Nautilus as help browser - first impressions.
- From: Alexander Kirillov <kirillov math sunysb edu>
- To: gnome-doc-list gnome org
- Subject: Nautilus as help browser - first impressions.
- Date: Wed, 23 Aug 2000 10:51:39 -0400
Hi:
I installed Nautilus 0.1 on my system (which was easy) and tested it
as a help browser. For the benefit of those of you who do not have
time to play with it, I wanted to share my findings. Ali, Laszlo: hope
it will be useful to you. BTW, I also put some screenshots on the web
http://www.math.sunysb.edu/~kirillov/nautilus
So: first of all, it does a good job of rendering man pages and decent
jopb of rendering sgml docs. But it still has a number of problems:
-------------
1. Help tree (in the left panel):
This tree contains "Applications",
"Development", "info", "manual" and "system". To my surprise, most
of man pages are *not* in the section "manual". For example man
pages for user commands (Section 1) are in Applications->Command
line and man pages for section 5 (File formats) are in System
->Configuration. I strongly object. I never thought that xeyes is
a command line application. On the other hand, tar is a command
line app - but info page for tar is not in Applications->Command
line. I'd rather have no attempt in categorization at all than
such half-baked one.
--------------
2. General problems: at the moment all docs are rendered using
gtkhtml (this will change to Mozilla, AFAIK). Gtkhtml is OK, but:
a. it provides no means of, say, changing the font used
b. I had problems with links: in 4 cases out of 5, when I tried to
click on a link, a single character was selected. It was very
frustrating
c. mailto: URL is currently not supported
--------------
3 Man pages:
Man pages are rendered very well - even complex ones. URL
"man:appname" or "man:appname.sectionnumber" both work
fine. However, it also shows an "index" at the end of a man page,
and the links in this index were not working for me.
--------------
4. Info pages:
Info pages are rendered OK. However:
a. It can't find info pages if they do not have "info" in file
name. On my system, many info pages do not - e.g.,
/usr/info/emacs.gz. Thus, "info:emacs" does not work.

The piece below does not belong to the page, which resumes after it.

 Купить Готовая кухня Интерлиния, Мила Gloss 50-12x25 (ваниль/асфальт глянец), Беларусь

b. There is no way to view the top level info file (dir.info)
c. The headers/footers (with navigation labels "prev/next/up") are
way too wide
d. All sections of an info file are shown in one page - but you
have a footer at the end of each section and a header at the
beginning. so when one section ends and another begins you have a
footer of the first section and immediately under it a header of
the next. Ugly!
e. The links to subsections in table of contents of an info doc do
not work for me, and neither do navigation links in header/footer
--------------
5. html docs
at the moment, help:appname can't find "index.html" (fixed by Ali
in CVS, I believe), but "help:/path/to/file" works, and html docs
are rendered well.
-----------
6. sgml docs
I only tried "help:/pat/to/file.sgml". It works fast (on my system
- PIII 500Mhz, 128 Mb RAM) even for large ones like "GDP
handbook". But here are problems (some of them already discussed in
gnome-doc-list, but anyway):
a. It doesn't support enitites, even — and …
b. <xref> and <link> is only possible for sections/subsections: you
can't <xref> to a figure, a note, or a list entry.

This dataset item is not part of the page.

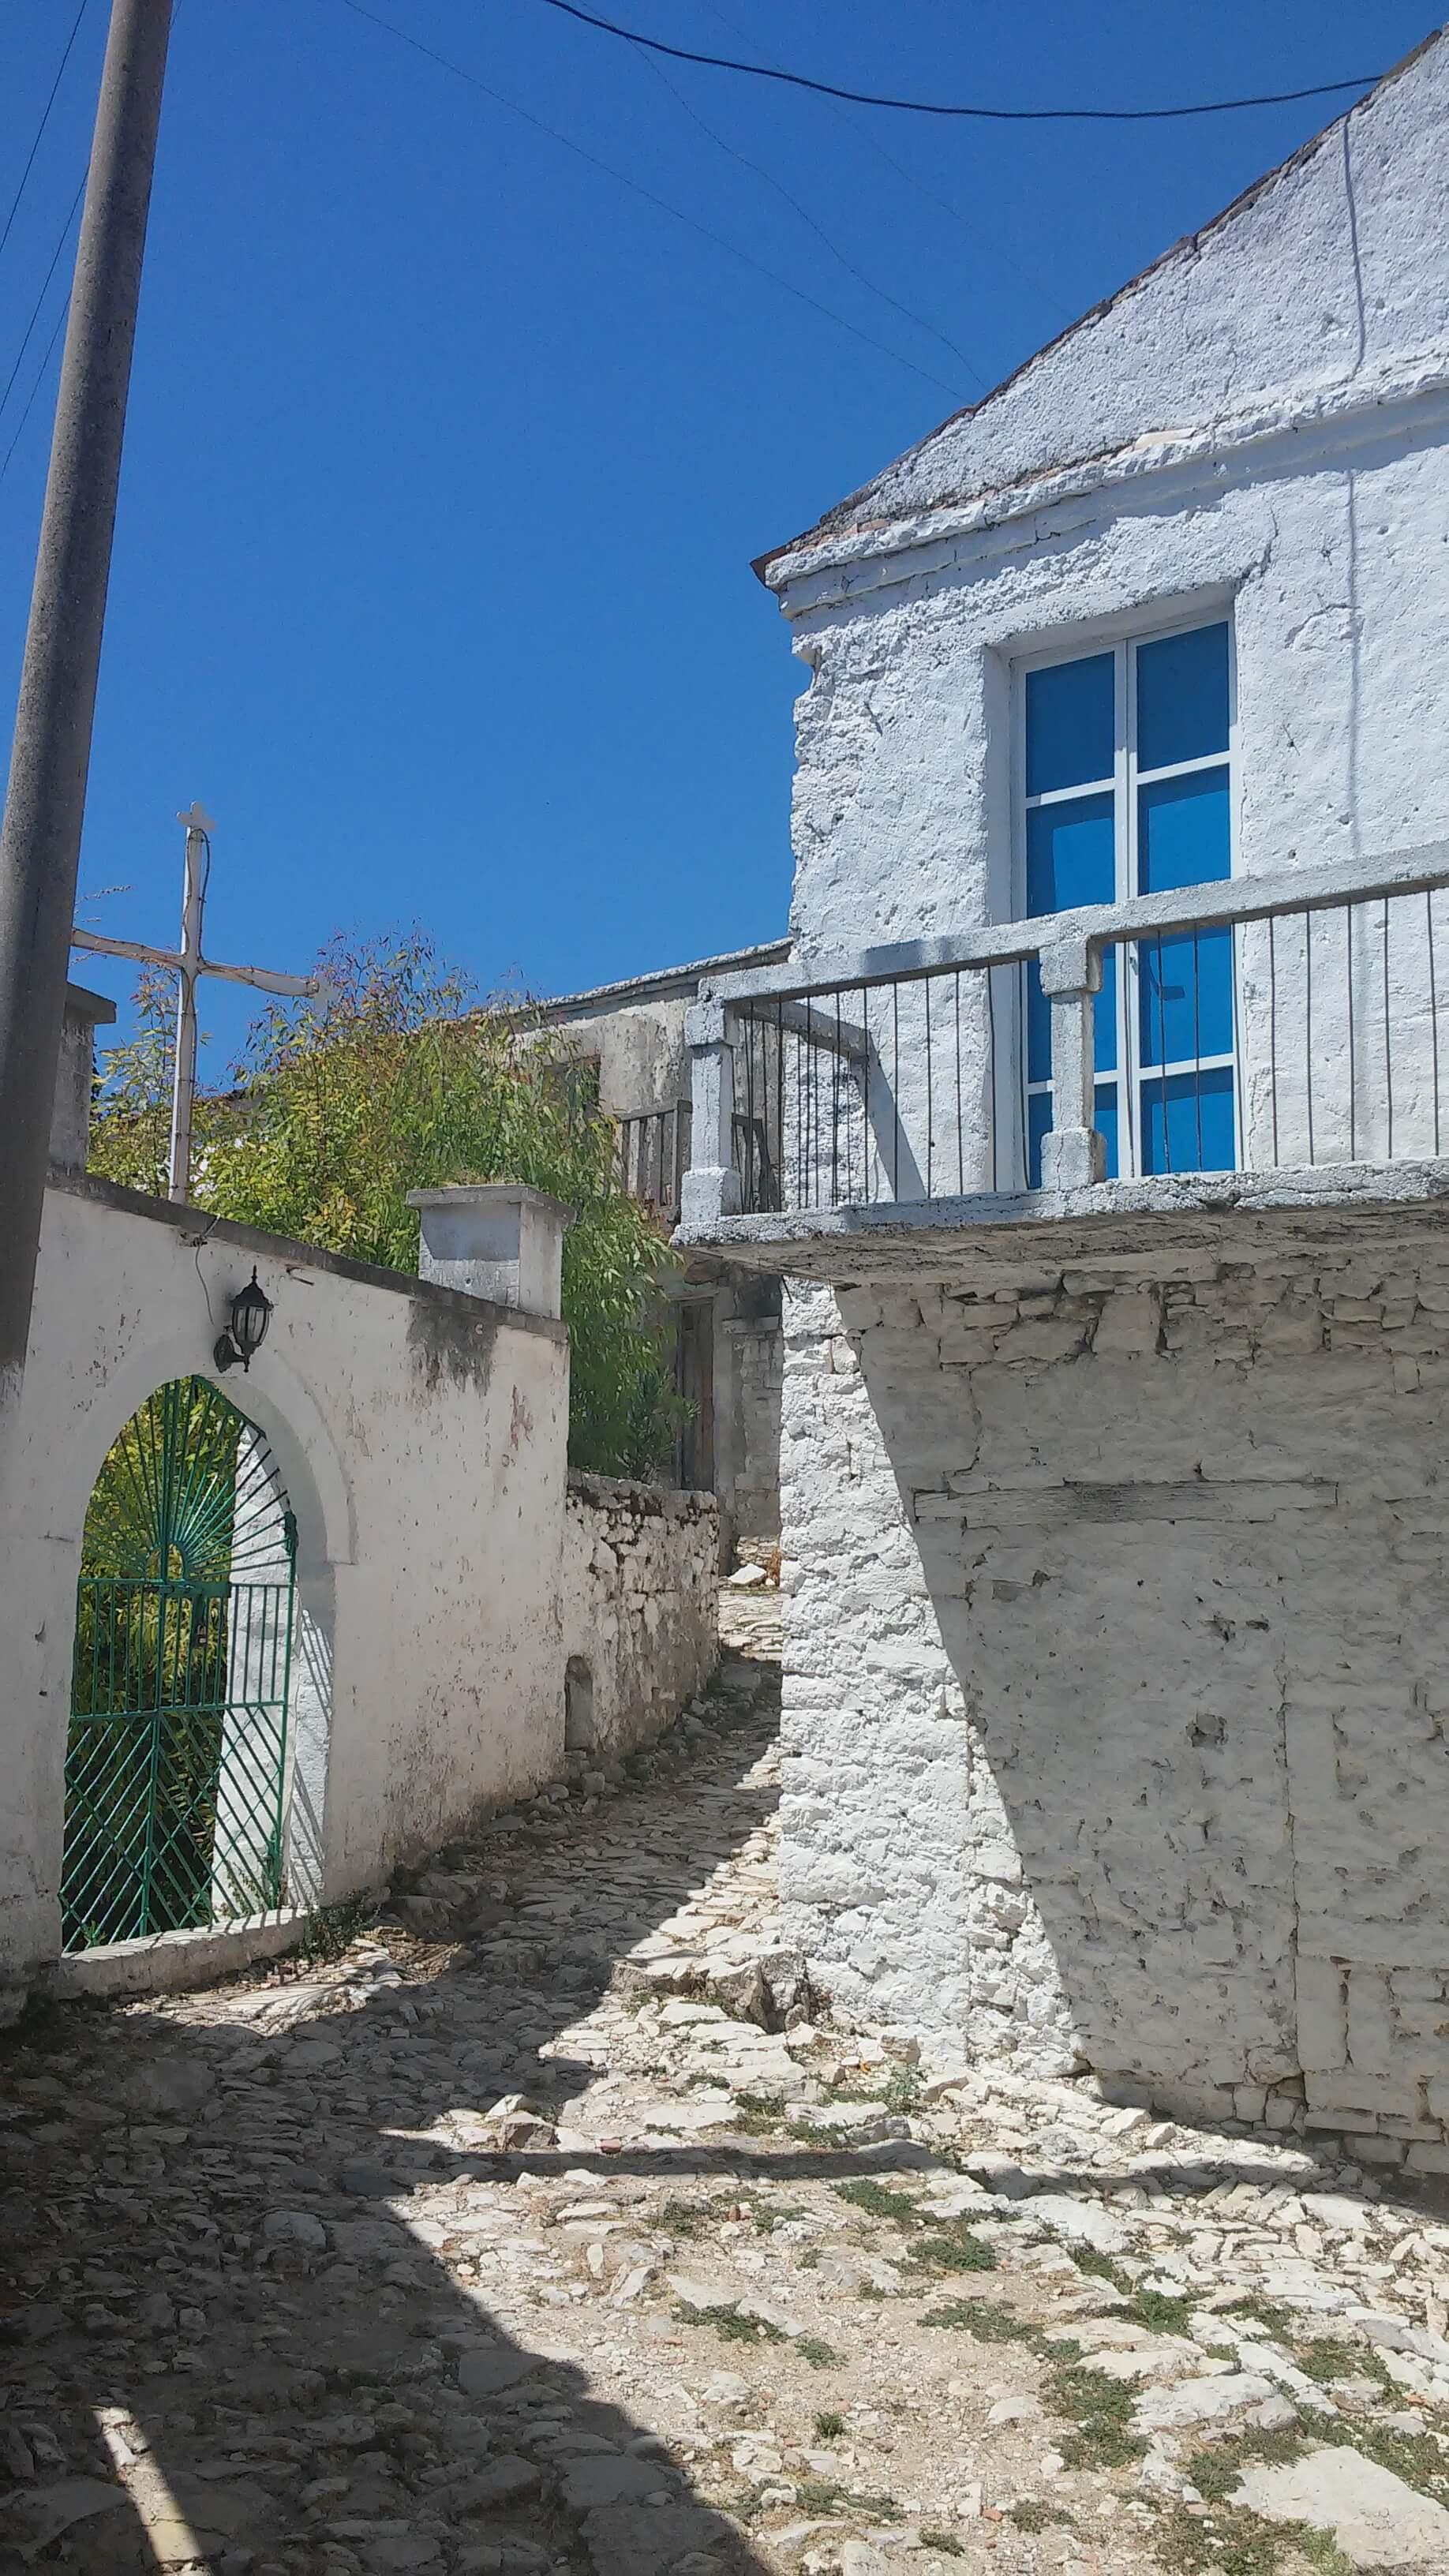 Qeparo Albania

c. It doesn't show <legalnotice> (I believe, Ali is working on this)
d. Some tags are not supported. Among them:
- <variablelist> is poorly supported; for example, <term> is
is not shown.
- <qandaset> (used in FAQs) is not supported
- <glossary> and related tags are not supported
-----------
Wishlist:
1. It'd be great if we could put the table of contents (TOC) of a doc in
the left panel so that you have a section shown in the right
panel and TOC in the left panel at the same time
2. I'd love to see TOC "expanding" - i.e., showing only top level
sections by default, but clicking on a section expands it so you
can see subsections, etc.
3. I think we really need a "print" button - for those who want to
print out a section of a manual and read it. Nothing fancy.
4. List of man pages or info pages is, by necessity, very long. Why
not group them by first letter (..pages starting with A;
...pages starting with B, etc)? Otherwise, you have to scroll a
lot to get to XFree86 page
Taht seems to be it - for now. I'd like to hear everybody's opinion on
which of these bugs are critical, and which we can live with.